Instructions for the task → Could you copy every line of the data that contains "after"?

Material supplied →
=== Section Start ===

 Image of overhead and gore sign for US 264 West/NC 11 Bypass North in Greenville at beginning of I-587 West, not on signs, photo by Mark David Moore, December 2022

=== Section End ===
=== Section Start ===

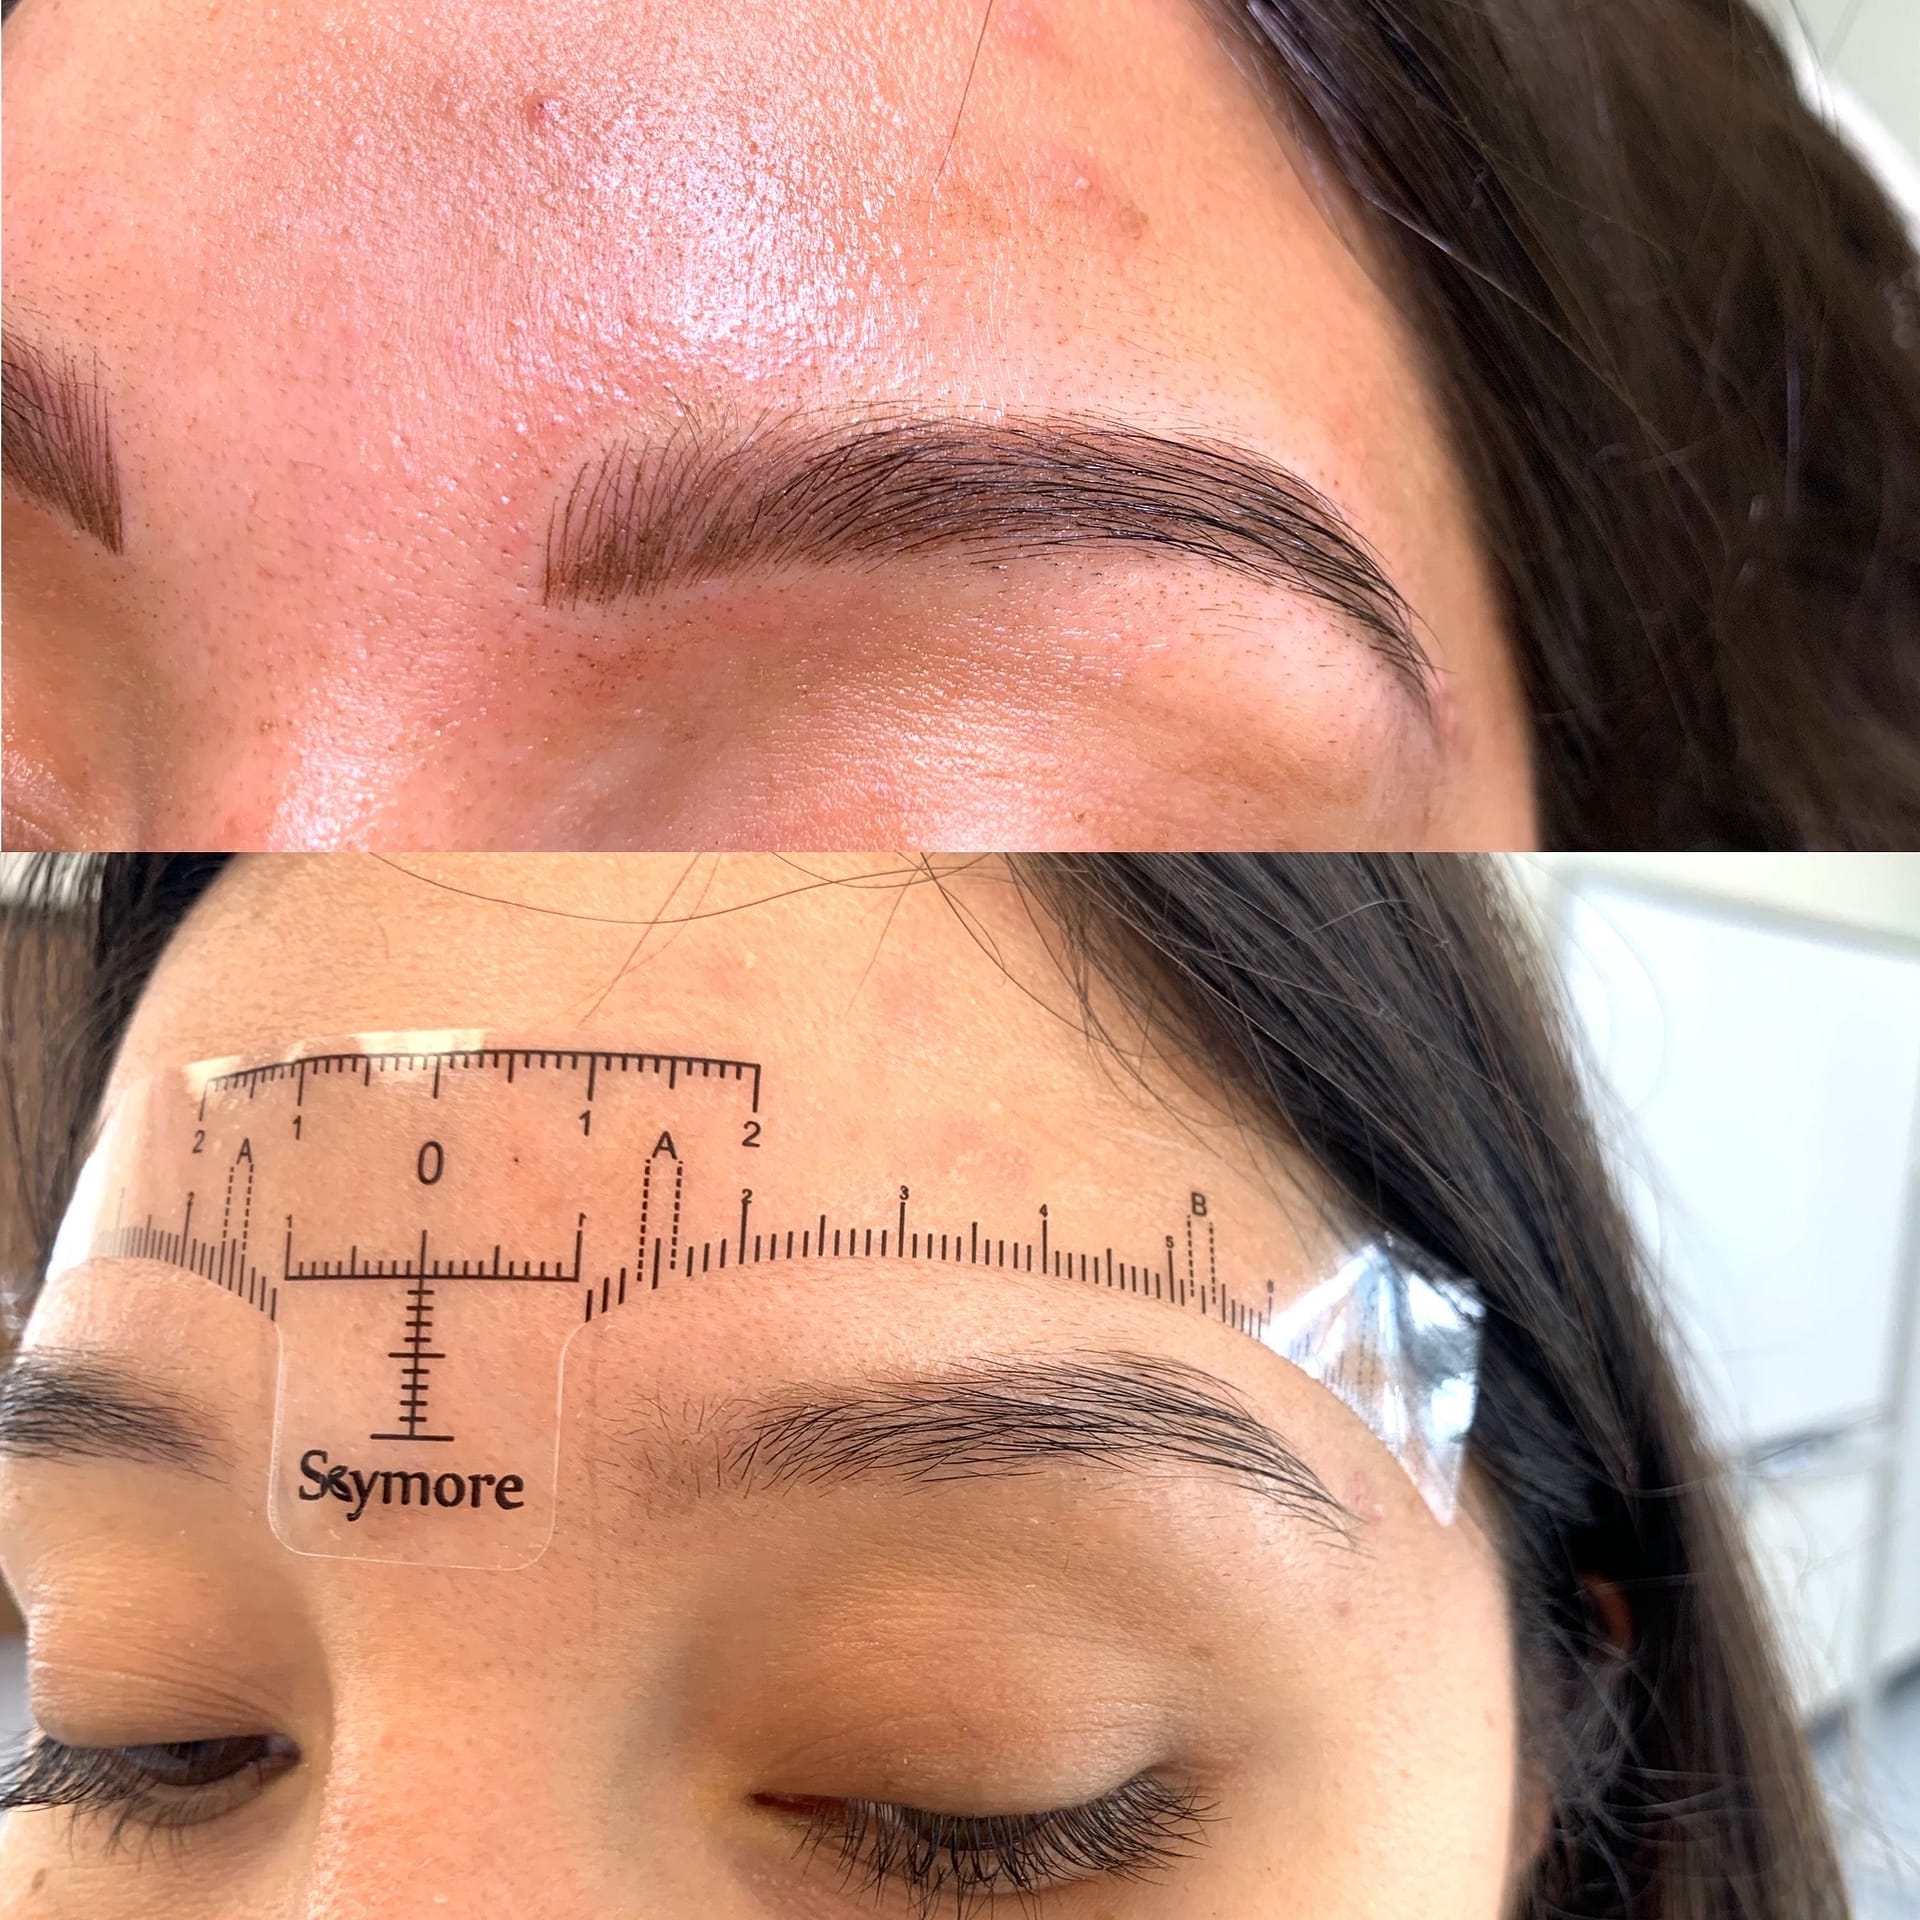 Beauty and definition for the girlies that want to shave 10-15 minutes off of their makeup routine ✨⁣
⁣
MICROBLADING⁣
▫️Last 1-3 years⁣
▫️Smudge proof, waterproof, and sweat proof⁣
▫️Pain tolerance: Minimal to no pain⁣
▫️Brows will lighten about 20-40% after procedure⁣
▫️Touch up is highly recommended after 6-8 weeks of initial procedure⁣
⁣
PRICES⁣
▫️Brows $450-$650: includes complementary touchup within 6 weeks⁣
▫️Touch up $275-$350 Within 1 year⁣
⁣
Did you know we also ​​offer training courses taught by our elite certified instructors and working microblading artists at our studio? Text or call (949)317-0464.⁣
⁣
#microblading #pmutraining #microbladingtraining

=== Section End ===

Written answer →
▫️Brows will lighten about 20-40% after procedure⁣
▫️Touch up is highly recommended after 6-8 weeks of initial procedure⁣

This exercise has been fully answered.